__WORK INSTRUCTIONS__: All records are to be printed again exactly as they appear.

__DATA TO EXAMINE__:

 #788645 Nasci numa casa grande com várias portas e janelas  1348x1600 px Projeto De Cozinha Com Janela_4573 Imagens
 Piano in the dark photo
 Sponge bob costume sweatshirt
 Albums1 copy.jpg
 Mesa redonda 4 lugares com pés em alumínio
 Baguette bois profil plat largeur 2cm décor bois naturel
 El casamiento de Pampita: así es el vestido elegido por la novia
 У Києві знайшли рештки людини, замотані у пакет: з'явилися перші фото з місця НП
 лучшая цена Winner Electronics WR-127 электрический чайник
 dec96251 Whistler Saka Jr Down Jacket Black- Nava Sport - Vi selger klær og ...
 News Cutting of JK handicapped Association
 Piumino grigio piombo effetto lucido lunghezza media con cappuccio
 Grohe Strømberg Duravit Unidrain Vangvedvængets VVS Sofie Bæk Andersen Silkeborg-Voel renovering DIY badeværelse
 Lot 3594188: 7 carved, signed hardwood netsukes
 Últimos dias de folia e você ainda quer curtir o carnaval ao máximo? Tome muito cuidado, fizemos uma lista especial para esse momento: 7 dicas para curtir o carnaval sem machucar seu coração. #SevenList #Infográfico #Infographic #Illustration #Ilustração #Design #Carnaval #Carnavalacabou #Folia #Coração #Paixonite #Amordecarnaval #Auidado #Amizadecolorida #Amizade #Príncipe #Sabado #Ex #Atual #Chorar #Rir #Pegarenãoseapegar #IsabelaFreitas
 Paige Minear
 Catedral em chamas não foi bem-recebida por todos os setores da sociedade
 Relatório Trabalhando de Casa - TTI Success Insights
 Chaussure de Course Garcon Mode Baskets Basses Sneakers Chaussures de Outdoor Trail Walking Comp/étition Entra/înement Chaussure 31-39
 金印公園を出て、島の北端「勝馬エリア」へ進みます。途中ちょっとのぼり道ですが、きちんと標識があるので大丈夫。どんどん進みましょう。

__FINISHED EXERCISE__:
 #788645 Nasci numa casa grande com várias portas e janelas  1348x1600 px Projeto De Cozinha Com Janela_4573 Imagens
 Piano in the dark photo
 Sponge bob costume sweatshirt
 Albums1 copy.jpg
 Mesa redonda 4 lugares com pés em alumínio
 Baguette bois profil plat largeur 2cm décor bois naturel
 El casamiento de Pampita: así es el vestido elegido por la novia
 У Києві знайшли рештки людини, замотані у пакет: з'явилися перші фото з місця НП
 лучшая цена Winner Electronics WR-127 электрический чайник
 dec96251 Whistler Saka Jr Down Jacket Black- Nava Sport - Vi selger klær og ...
 News Cutting of JK handicapped Association
 Piumino grigio piombo effetto lucido lunghezza media con cappuccio
 Grohe Strømberg Duravit Unidrain Vangvedvængets VVS Sofie Bæk Andersen Silkeborg-Voel renovering DIY badeværelse
 Lot 3594188: 7 carved, signed hardwood netsukes
 Últimos dias de folia e você ainda quer curtir o carnaval ao máximo? Tome muito cuidado, fizemos uma lista especial para esse momento: 7 dicas para curtir o carnaval sem machucar seu coração. #SevenList #Infográfico #Infographic #Illustration #Ilustração #Design #Carnaval #Carnavalacabou #Folia #Coração #Paixonite #Amordecarnaval #Auidado #Amizadecolorida #Amizade #Príncipe #Sabado #Ex #Atual #Chorar #Rir #Pegarenãoseapegar #IsabelaFreitas
 Paige Minear
 Catedral em chamas não foi bem-recebida por todos os setores da sociedade
 Relatório Trabalhando de Casa - TTI Success Insights
 Chaussure de Course Garcon Mode Baskets Basses Sneakers Chaussures de Outdoor Trail Walking Comp/étition Entra/înement Chaussure 31-39
 金印公園を出て、島の北端「勝馬エリア」へ進みます。途中ちょっとのぼり道ですが、きちんと標識があるので大丈夫。どんどん進みましょう。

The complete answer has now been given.